Down a Deep Well

An Indian bison gets into a scrape in Kodaikanal

By / December 2017

One evening in Kodaikanal, a large male Indian bison, known locally as a gaur, entered a walled garden and began gorging himself on carrots and cabbage. At the outset, there was nothing particularly surprising about the incident. The bison that roam freely about the forests in India’s Western Ghats are infamous for making nocturnal forays into mountain villages.

These are not always peaceful intrusions. Indian bison are the biggest bovine species on earth. They can weigh up to 3,000 pounds and often stand seven feet tall at the shoulder. They plow through walls, topple huts, destroy crops, and occasionally take human lives before retreating back into the trees.

But on this night in Kodai, before the robber bison could return to the forest, he lost his bearings. Perhaps he was slightly punch-drunk on vegetables. Perhaps he had been spooked by a peal of laughter from a cracked window. Whatever the case, en route to tree cover, he tumbled hoof-first into a large, open well and there he stayed, wedged inside of the stone shaft about thirty feet down until the following morning, when villagers arose to the sound of snorts and bellows and trailed the commotion to the hole in the ground.

One after the other, the villagers peered into the well, their mouths agape at the sight of a bison trapped in the place where only a day before they had come to draw water. No one knew what to do, a couple of witnesses explained as they recounted the story to me on a recent trip into Kodai. The men said they had tried to hook ropes around the gaur’s horns and pull him out. Later, they tried to pry him loose using long wooden poles.

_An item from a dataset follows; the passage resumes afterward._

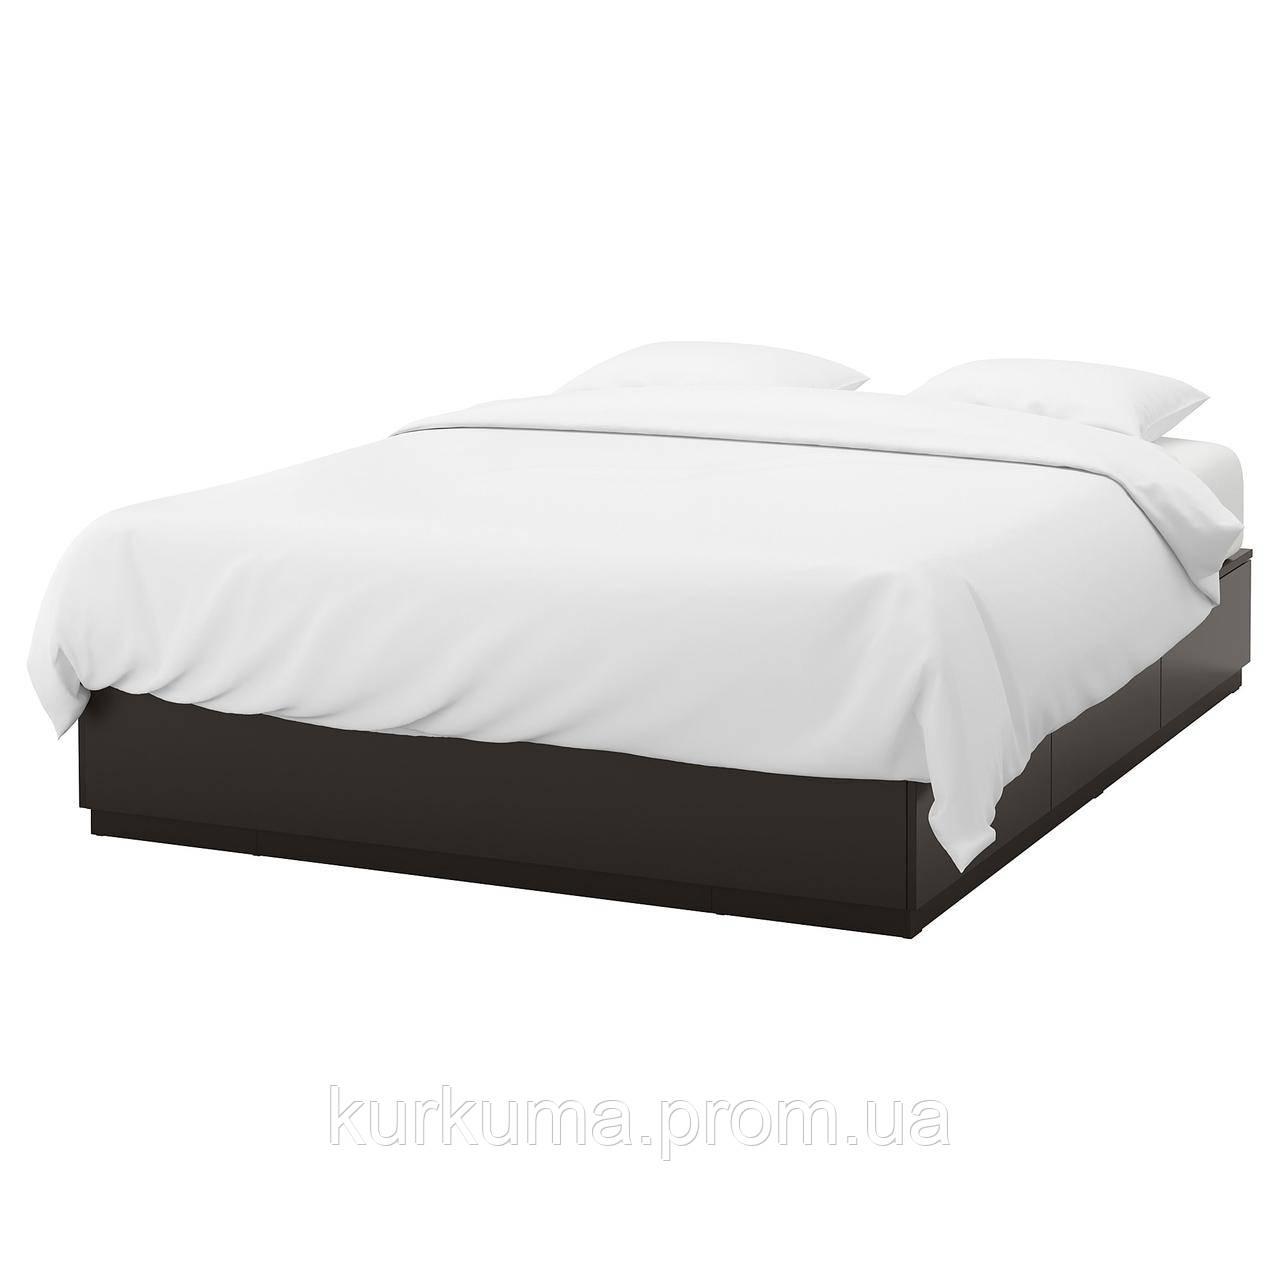 IKEA NORDLI Кровать с ящиками, антрацит  (903.727.79)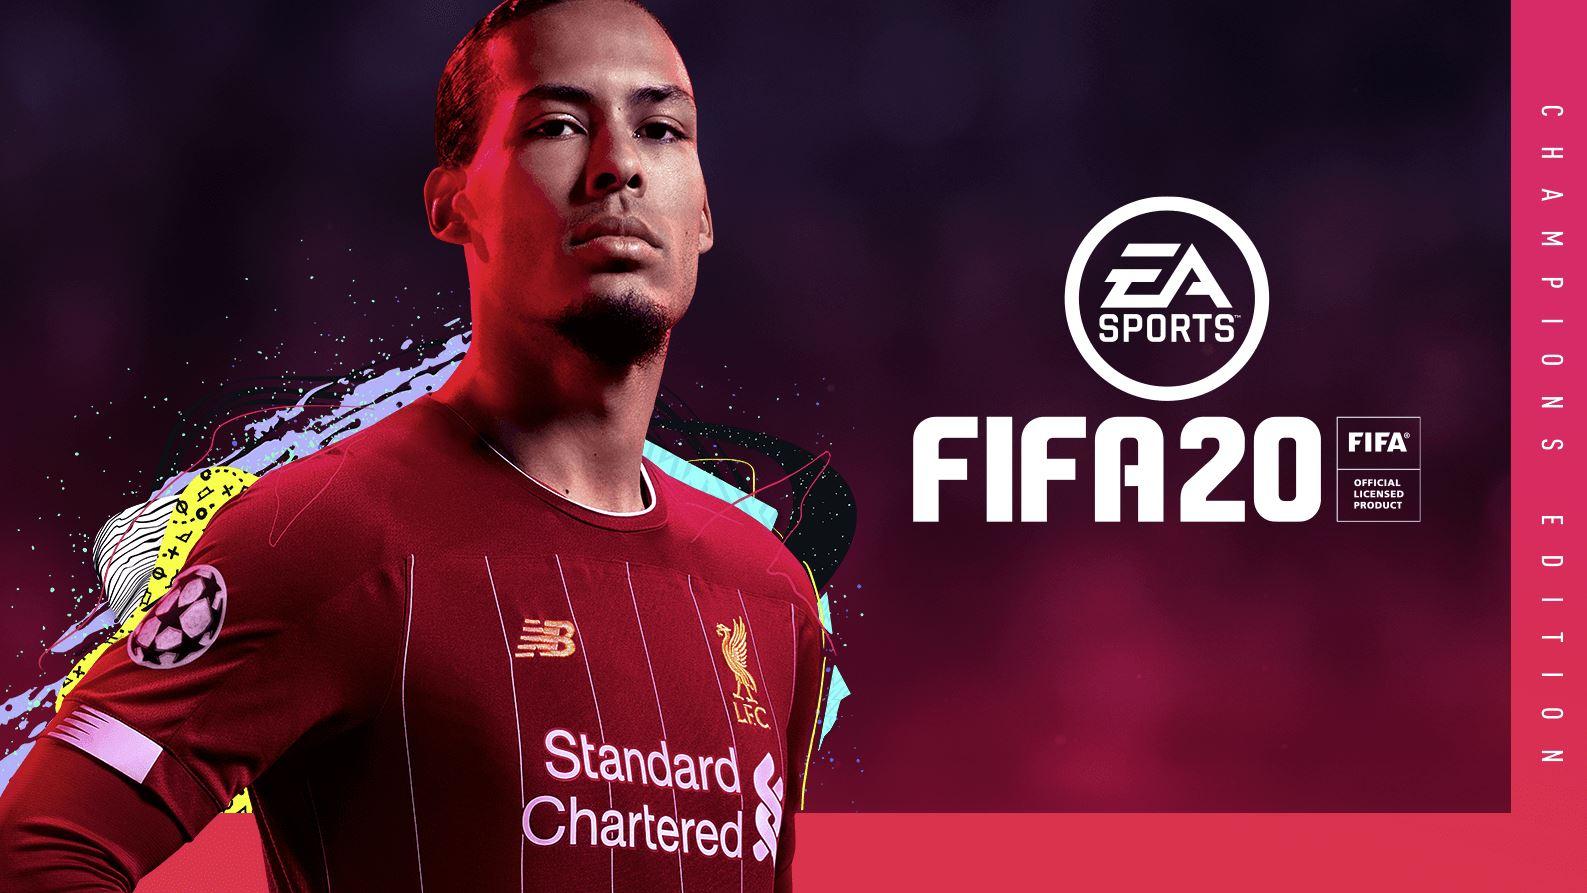 fifa 20 companion app download

After several hours of failed rescue attempts, a sense of helplessness settled over the crowd. The bison was still alive, but there was the general feeling that time was running out. And then an idea dawned on someone: What about the fire truck?

The fire truck, one of the few things that outweighed the bison, had a wench on the back that could handle the strain. The only problem was that there was only one fire truck in the region, and it would take three days for it to get there.

The townsfolk were undaunted. They made a harried phone call and waited expectantly for the truck’s arrival. In the meantime, they took turns attending to the bison. Day and night, they pelted his face with vegetables and branches. They poured water from buckets, aiming for his mouth. Occasionally the beast would let out a moan, and the people would cheer at this subtle yet certain evidence of life.

The animal was still breathing but growing ever more restless by the time the fire engine rumbled onto the dirt road on the edge of Kodai three days later. The crowd parted to make way. The villagers had become personally invested in the plight of the gaur and though other responsibilities called they were not about to leave the scene until the creature was safe.

The truck backed up to the hole and idled. In the well, the bison began to writhe. While a fireman readied the straps and ropes, the veterinarian who had accompanied him to the scene injected the bison with a tranquilizer fired from a pistol.

The sedative relaxed the bison enough for the fireman to get the ropes in place. The crowd grew silent as the man shifted the truck into drive and, inch by unhurried inch, began pulling the gaur from the well.

Nearly an hour later, when the bison’s body, first the head and shortly thereafter the haunches, emerged in one piece from the hole, the villagers erupted in applause. Their pluck, persistence, and ingenuity had saved a clumsy animal from a nasty bind.

The people laughed, good-heartedly, as the gaur, groggy from the sedative, clambered onto all fours. Then they gasped in horror as he lumbered right off of the nearby bluff.

Stunned, they hurried to the edge. The bison lay dead on the rocks below. The villagers looked at one another in disbelief. They kneaded their brows, threw up their hands. Then, the witnesses told me, pausing at this point for dramatic effect, they cut up the bison and ate on the meat for a month.

 

Chris Watts is a contributing writer for EthnoTraveler.